Все, свободные от работы «в номер», затаив дыхание, прослушали песню. Всем показалось, что песня получилась. Листов ушел. А вечером Миша Савин после ужина попросил у меня текст и, аккомпанируя на гитаре, исполнил песню. И сразу стало ясно, что песня «пой-дет», если мелодия ее запомнилась с первого исполнения.
Песня действительно «пошла». По всем фронтам — от Севастополя до Ленинграда и Полярного. Некоторым блюстителям фронтовой нравственности показалось, что строки: «…до тебя мне дойти нелегко, а до смерти — четыре шага» — упадочнические, разоружающие. Просили и даже требовали, чтобы про смерть вычеркнуть или отодвинуть ее дальше от окопа. Но мне жаль было менять слова — они очень точно передавали то, что было пережито, перечувствовано там, в бою, да и портить песню было уже поздно, она «пошла». А, как известно, «из песни слова не выкинешь».
О том, что с песней «мудрят», дознались воюющие люди. В моем беспорядочном армейском архиве есть письмо, подписанное шестью гвардейцами-танкистами. Сказав доброе слово по адресу песни и ее авторов, танкисты пишут, что слышали, будто кому-то не нравится строчка «до смерти — четыре шага».
Гвардейцы высказали такое едкое пожелание: «Напишите вы для этих людей, что до смерти четыре тысячи английских миль, а нам оставьте так, как есть, — мы-то ведь знаем, сколько шагов до нее, до смерти».
Поэтесса Ольга Берггольц рассказала мне еще во время войны такой случай. Пришла она в Ленинграде на крейсер «Киров». В кают-компании собрались офицеры крейсера и слушали радиопередачу. Когда по радио была исполнена песня «В землянке» с «улучшенным» вариантом текста, раздались возгласы гневного протеста, и люди, выключив репродукторы, демонстративно спели трижды песню в ее подлинном тексте.
Вот коротко о том, как сложилась песня «В землянке».
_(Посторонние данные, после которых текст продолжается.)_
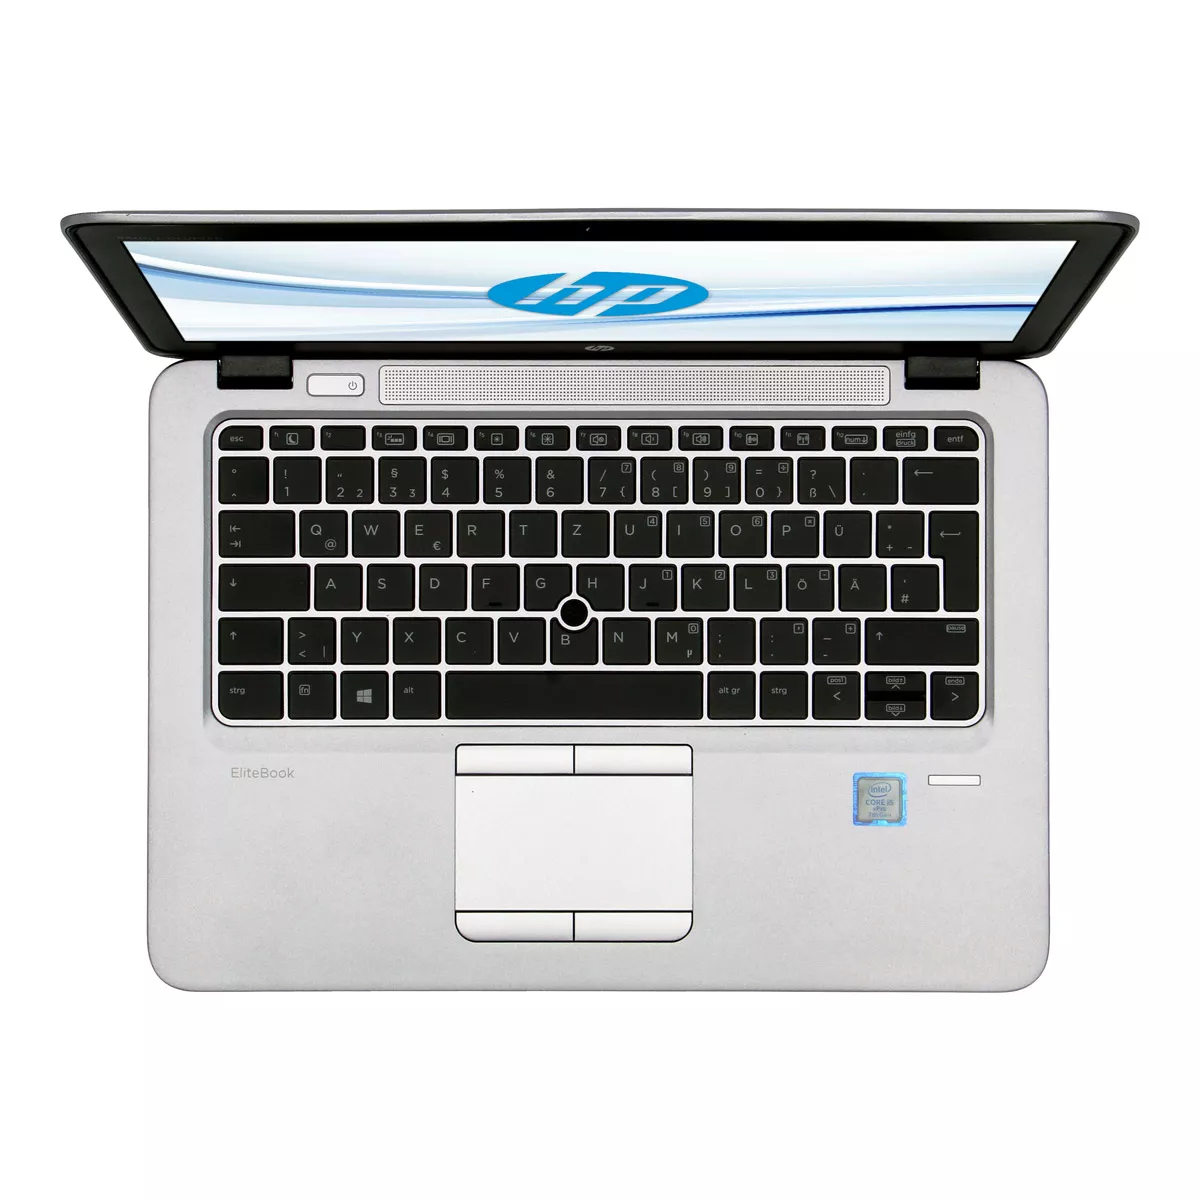 HP EliteBook 820 G3 Core i5 6200U 8 GB 128 GB SSD Webcam A

Бьется в тесной печурке огонь,
На поленьях смола, как слеза,
И поет мне в землянке гармонь
Про улыбку твою и глаза.
Про тебя мне шептали кусты
В белоснежных полях под Москвой.
Я хочу, чтобы слышала ты,
Как тоскует мой голос живой.
Ты сейчас далеко-далеко.
Между нами снега и снега.
До тебя мне дойти нелегко,
А до смерти — четыре шага.
Пой, гармоника, вьюге назло,
Заплутавшее счастье зови.
Мне в холодной землянке тепло
От моей негасимой любви.
СУДЬБА НАШЕЙ ПЕСНИ
В один из непогожих ноябрьских дней 1941 года в редакцию нашей газеты прибежал запыхавшийся красноармеец и сообщил, что редактора вызывает к себе заместитель командира дивизии по тылу. Я поспешил в соседнюю деревню, где накануне разместился штаб тыла. В холодном сером небе медленно плыли желтокрылые «юнкерсы». Прерывисто, словно задыхаясь под тяжестью груза, гудели их моторы. Тут и там стучали зенитки. Белые облачка разрывов изрешетили небо. Облачка тоже плыли, только в противоположную от курса вражеских самолетов сторону. Постепенно расплываясь, они на глазах таяли и наконец совершенно исчезали.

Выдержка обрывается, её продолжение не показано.